Outside Buckingham Palace in central London, crowds also formed soon after the news of his death emerged.
A small girl unfurled a British flag on the pavement before the flowers laid at the gate of the magisterial royal home.
“I just have so much respect for Prince Philip and all he’s done,” said Britta Bia, 53. “I have so much respect for the royal family. I think they’ve done so much for charitable causes, and I think they’ve been upstanding citizens of the commonwealth.”
Lottie Smith, 18, said it was a moment to reflect on what really matters in life.
Ms. Smith and two friends who live in Greenwich heard of his death while they were on the train in to London, and decided to take a detour to the palace.
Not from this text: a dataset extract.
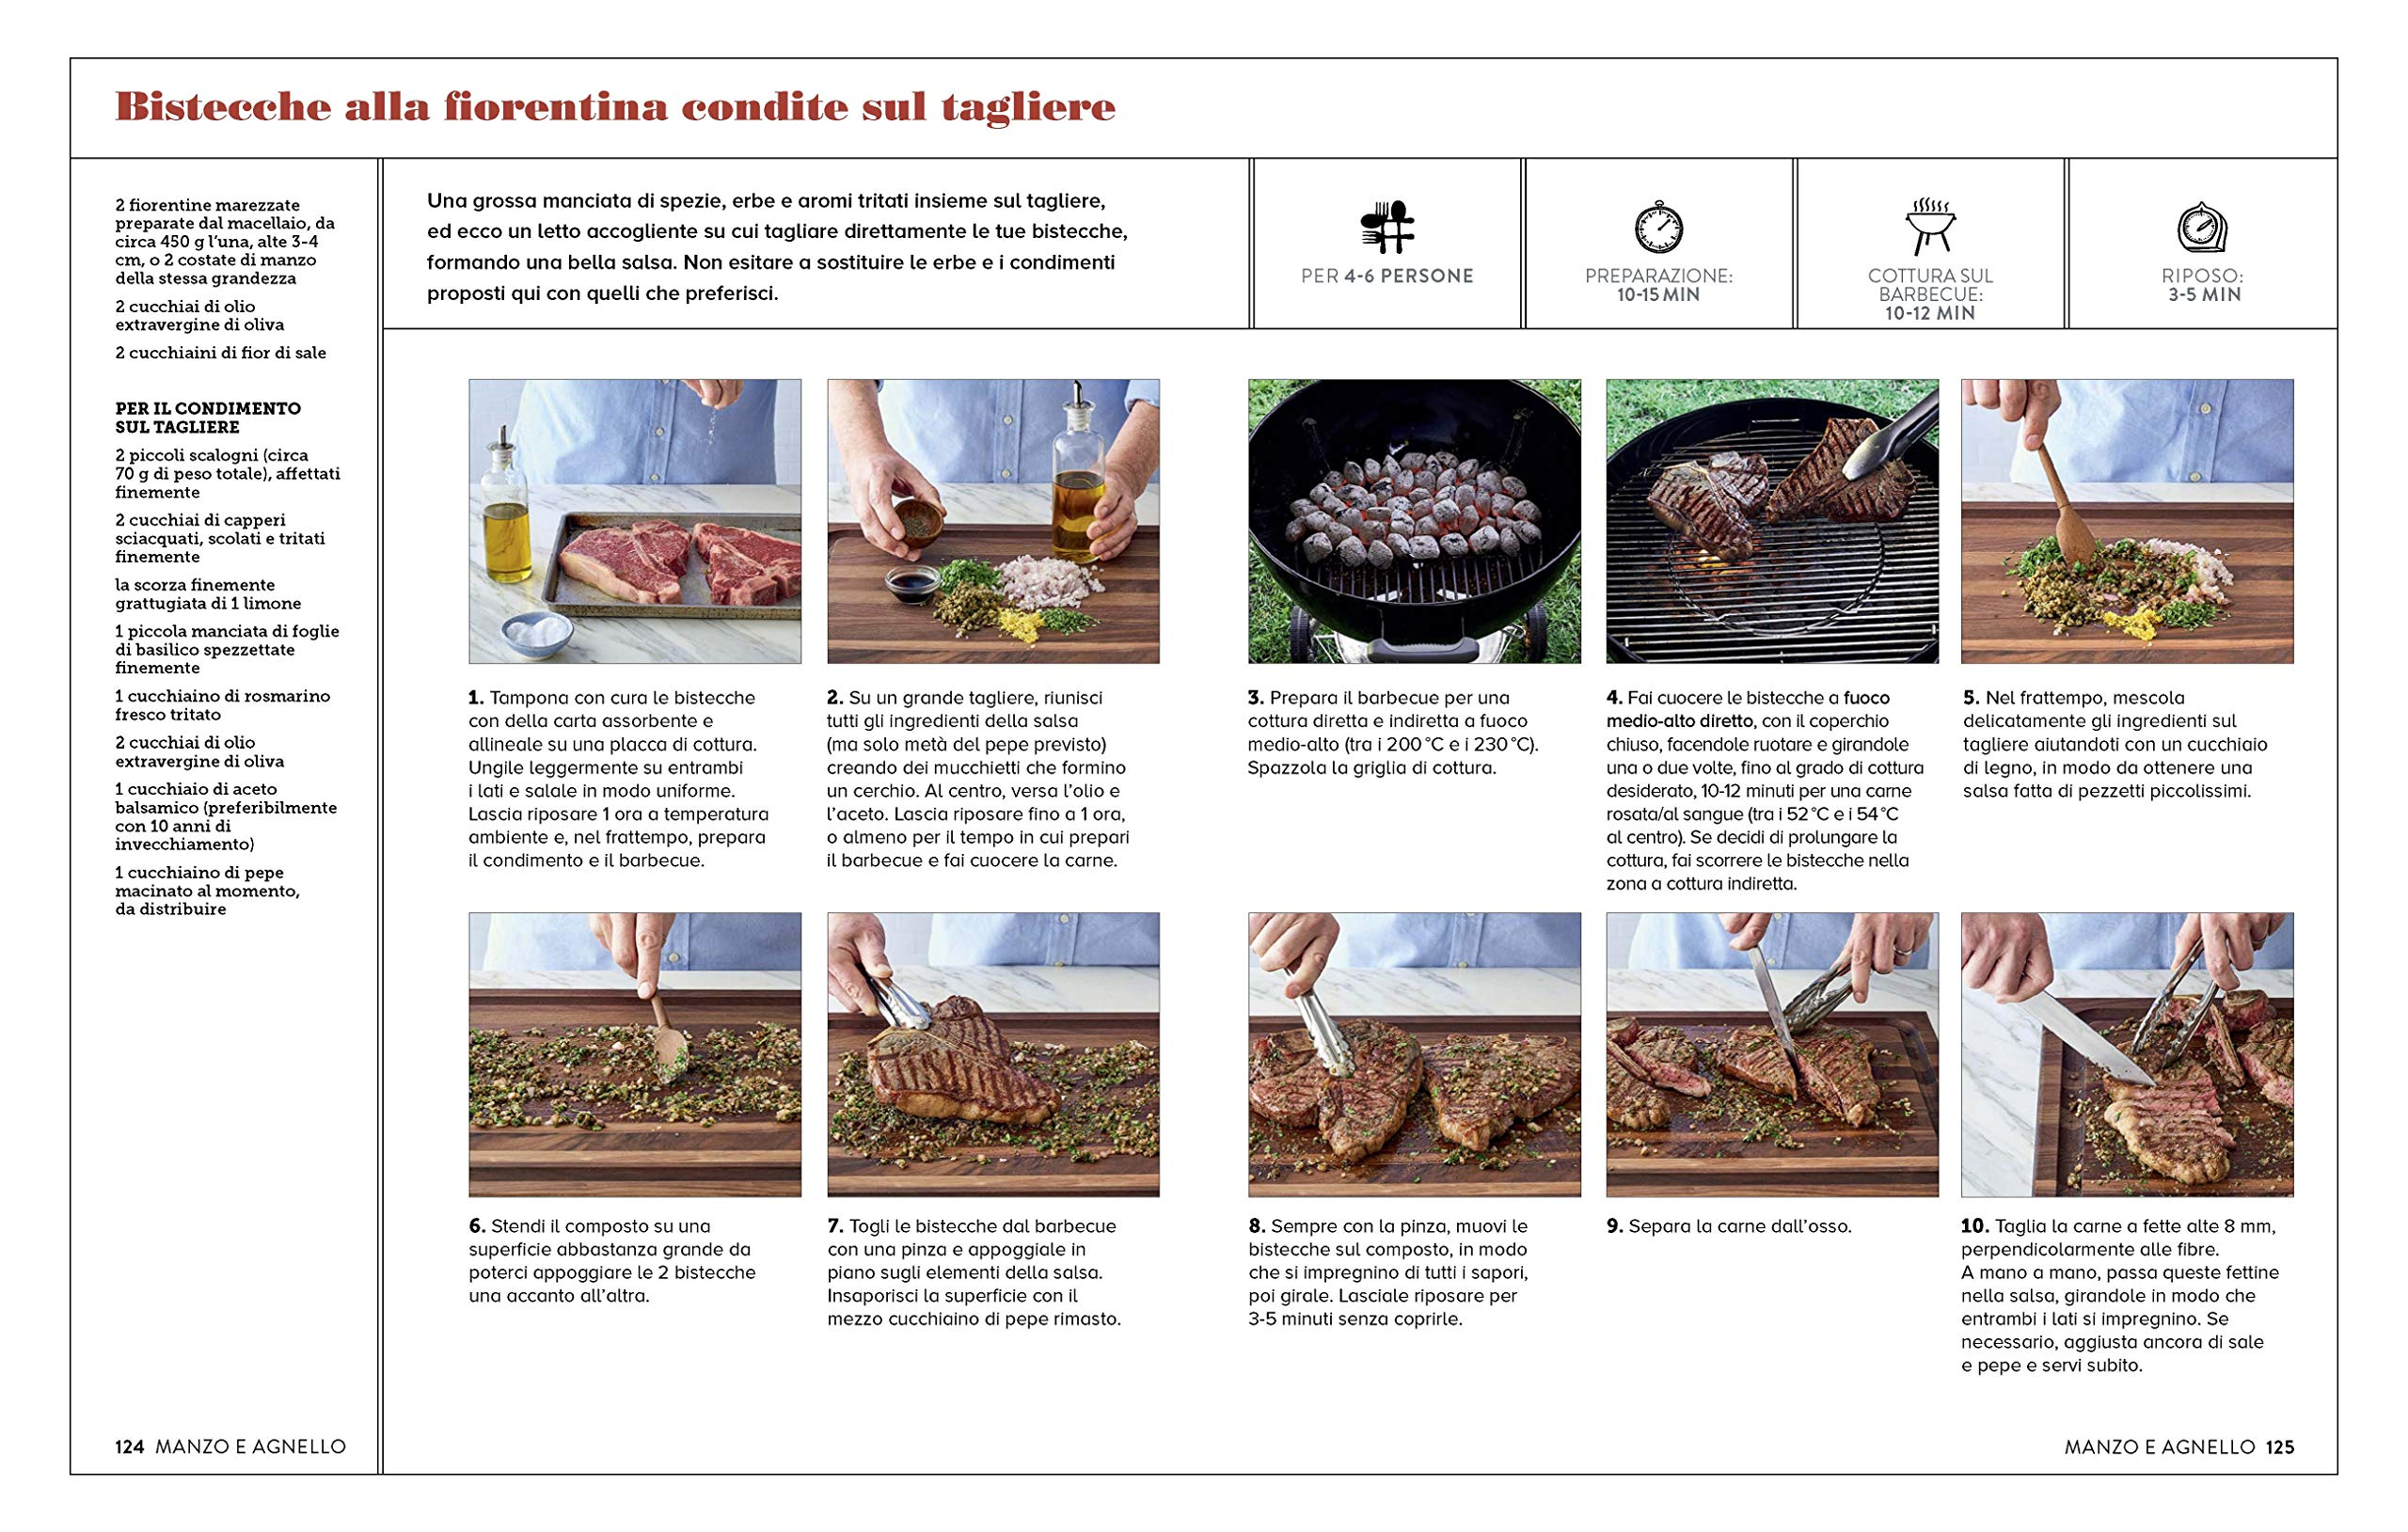 la-nuova-bibbia-del-barbecue-weber.jpg

Catherine Vellacott, 19, said she hoped his death would “maybe unite the nation more.”
Peter Appleby, 22, flowers in hand, said that it was one more loss in a year marked by death.
“He’s had a hard year like everybody, and it doesn’t cost much to come and show a bit of respect,” he said.
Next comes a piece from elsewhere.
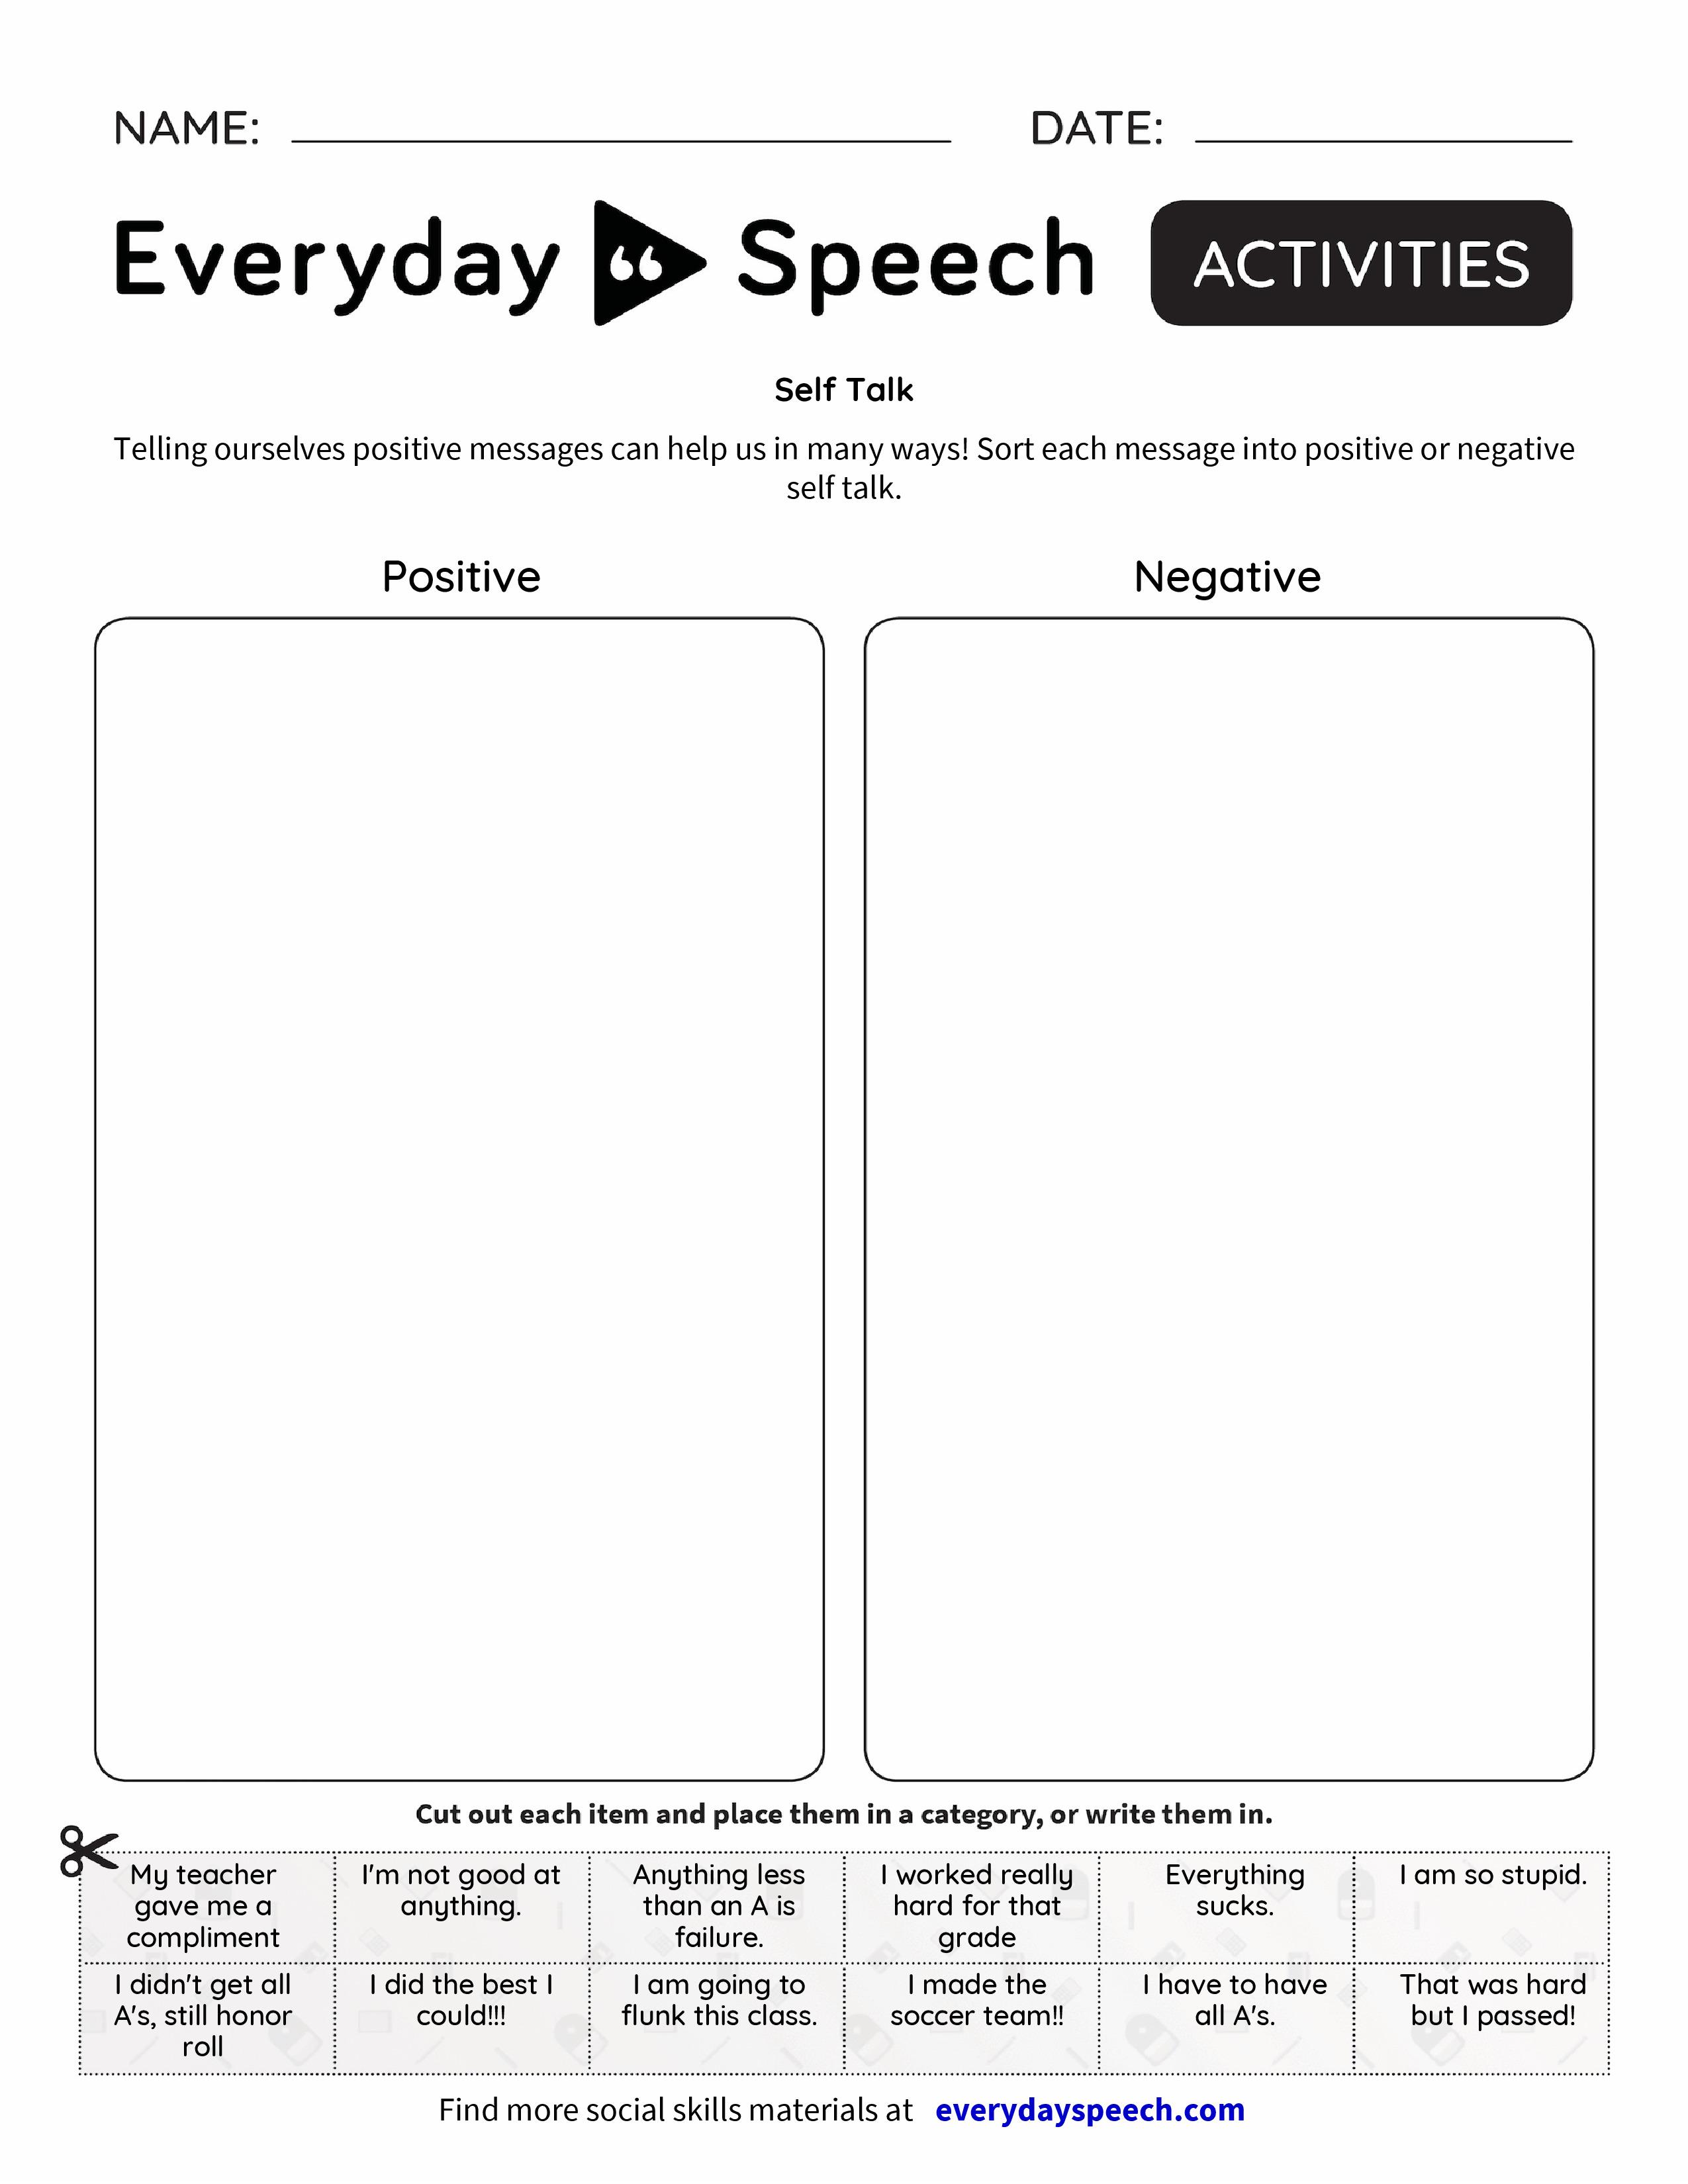 worksheet Negative Self Talk Worksheet self talk everyday speech preview preview

Queen Elizabeth II, already Britain’s longest-serving monarch, passed a new milestone in 2017 when she and Prince Philip became the longest-married couple of the country’s royal family.
Where and when they first met remains unclear. He was invited to dine on the royal yacht when Elizabeth was 13 or 14. He was also invited to stay at Windsor Castle around that time while on leave from the Navy, and there were reports that he visited the royal family at Balmoral, its country estate in Scotland.
After that weekend, Elizabeth told her father, King George VI, that the naval officer was “the only man I could ever love.” Her father at first cautioned her to be patient.
Whisked off on a royal tour to South Africa, Elizabeth was said to have written to Philip three times a week. By the time she returned to England, Prince Philip of Greece and Denmark had renounced his foreign titles and become Lt. Philip Mountbatten, a British subject.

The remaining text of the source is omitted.